したがって、破産管財人が継続的給付目的双務契約について契約解除を選択した場合における破産手続開始後・契約解除までの間の給付についての対価支払請求権も財団債権となります。
参考書籍
破産法を深く知りたい方やもっと詳しく勉強したい方のために、破産法の参考書籍を紹介します。
破産法・民事再生法(第5版)
著者:伊藤 眞 出版:有斐閣
倒産法研究の第一人者による定番の体系書。民事再生法と一体になっているので分量は多めですが、読みやすいです。難易度は高めですが、第一人者の著書であるため、信頼性は保証されています。
条解破産法(第3版)
著者:伊藤眞ほか 出版:弘文堂
条文ごとに詳細な解説を掲載する逐条の注釈書。破産法の辞書と言ってよいでしょう。破産法の条文解釈に関して知りたいことは、ほとんどカバーできます。
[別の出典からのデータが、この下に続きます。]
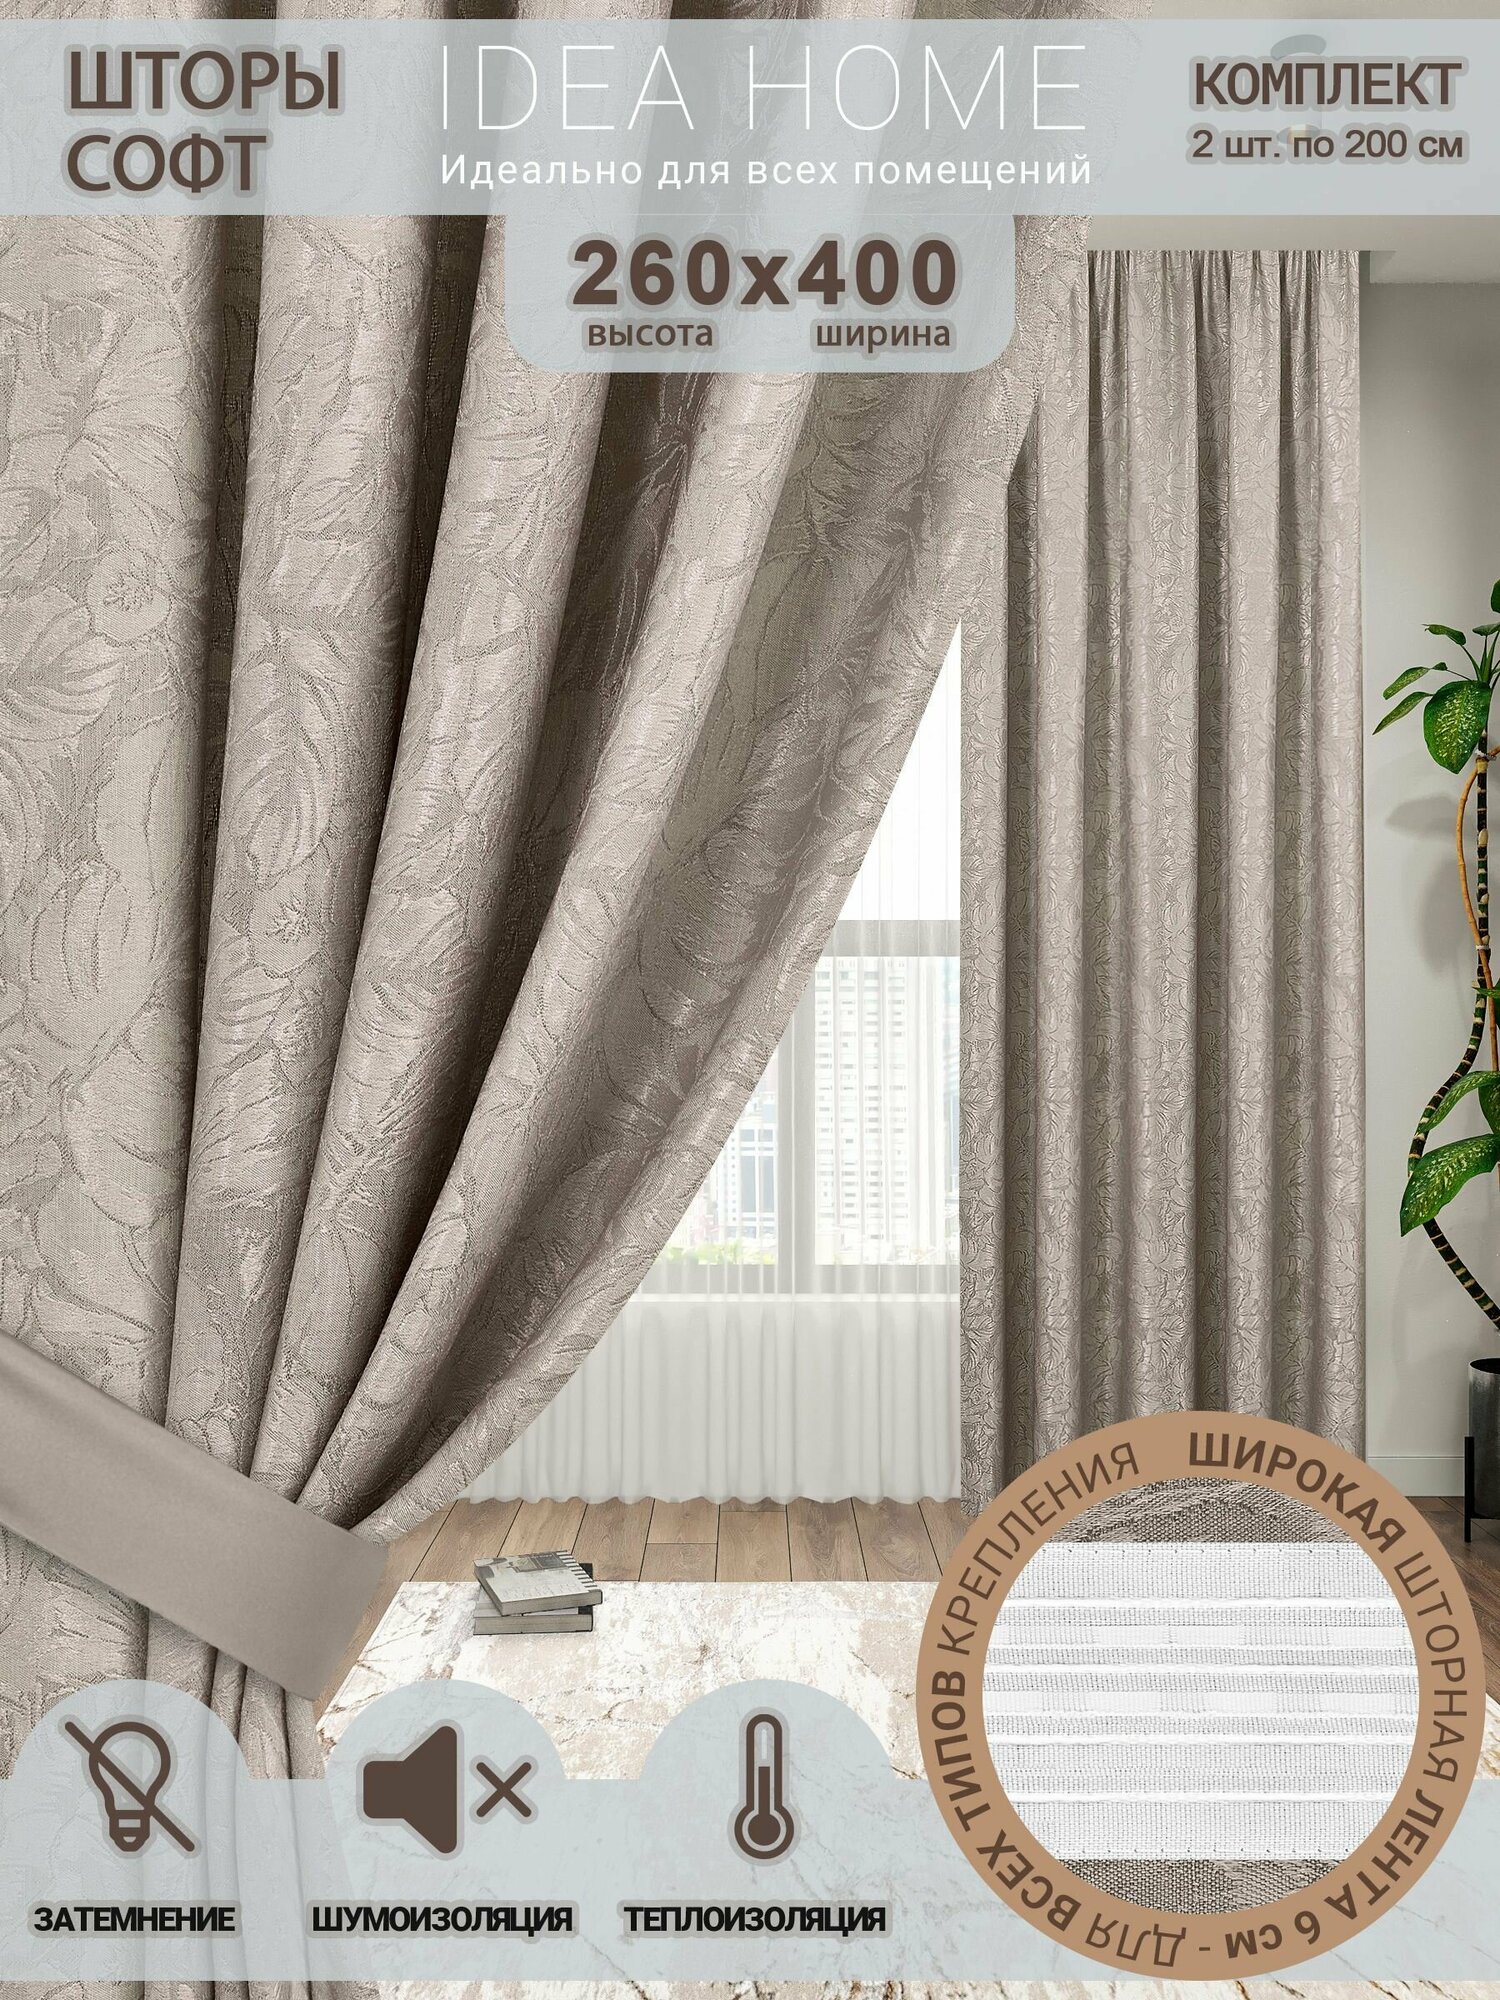 Комплект штор из 2 шт по 200 cм / IDEA HOME светозащитные для комнаты кухни спальни гостиной и дачи 400*250 см  софт серый

持っていて損はありません。金額面を除けば、誰にでもおすすめです。
破産実務Q&A220問
編集:全国倒産処理弁護士ネットワーク 出版:きんざい
破産実務を取り扱う弁護士などだけでなく、裁判所でも使われている実務書。本書があれば、破産実務のだいたいの問題を知ることができるのではないでしょうか。
司法試験・予備試験など資格試験向けの参考書籍としては、以下のものがあります。
倒産処理法入門(第6版)
著者:山本和彦 出版:有斐閣
倒産法の入門書。「入門」ではありますが、ボリュームはそれなりにあります。倒産法全体を把握するために利用する本です。
倒産法講義
著者:野村剛司ほか 出版:日本加除出版
こちらも法学大学院生や司法試験・予備試験受験生向けに書かれた教科書。著者が実務家であるため、実務的な観点が多く含まれていて、手続をイメージしやすいメリットがあります。
倒産法(第3版)伊藤真試験対策講座15
著者:伊藤塾 出版:弘文堂
いわゆる予備校本。予備校本だけあって、実際の出題傾向に沿って内容が絞られており、分かりやすくまとまっています。学習のスタートは、予備校本から始めてもよいのではないでしょうか。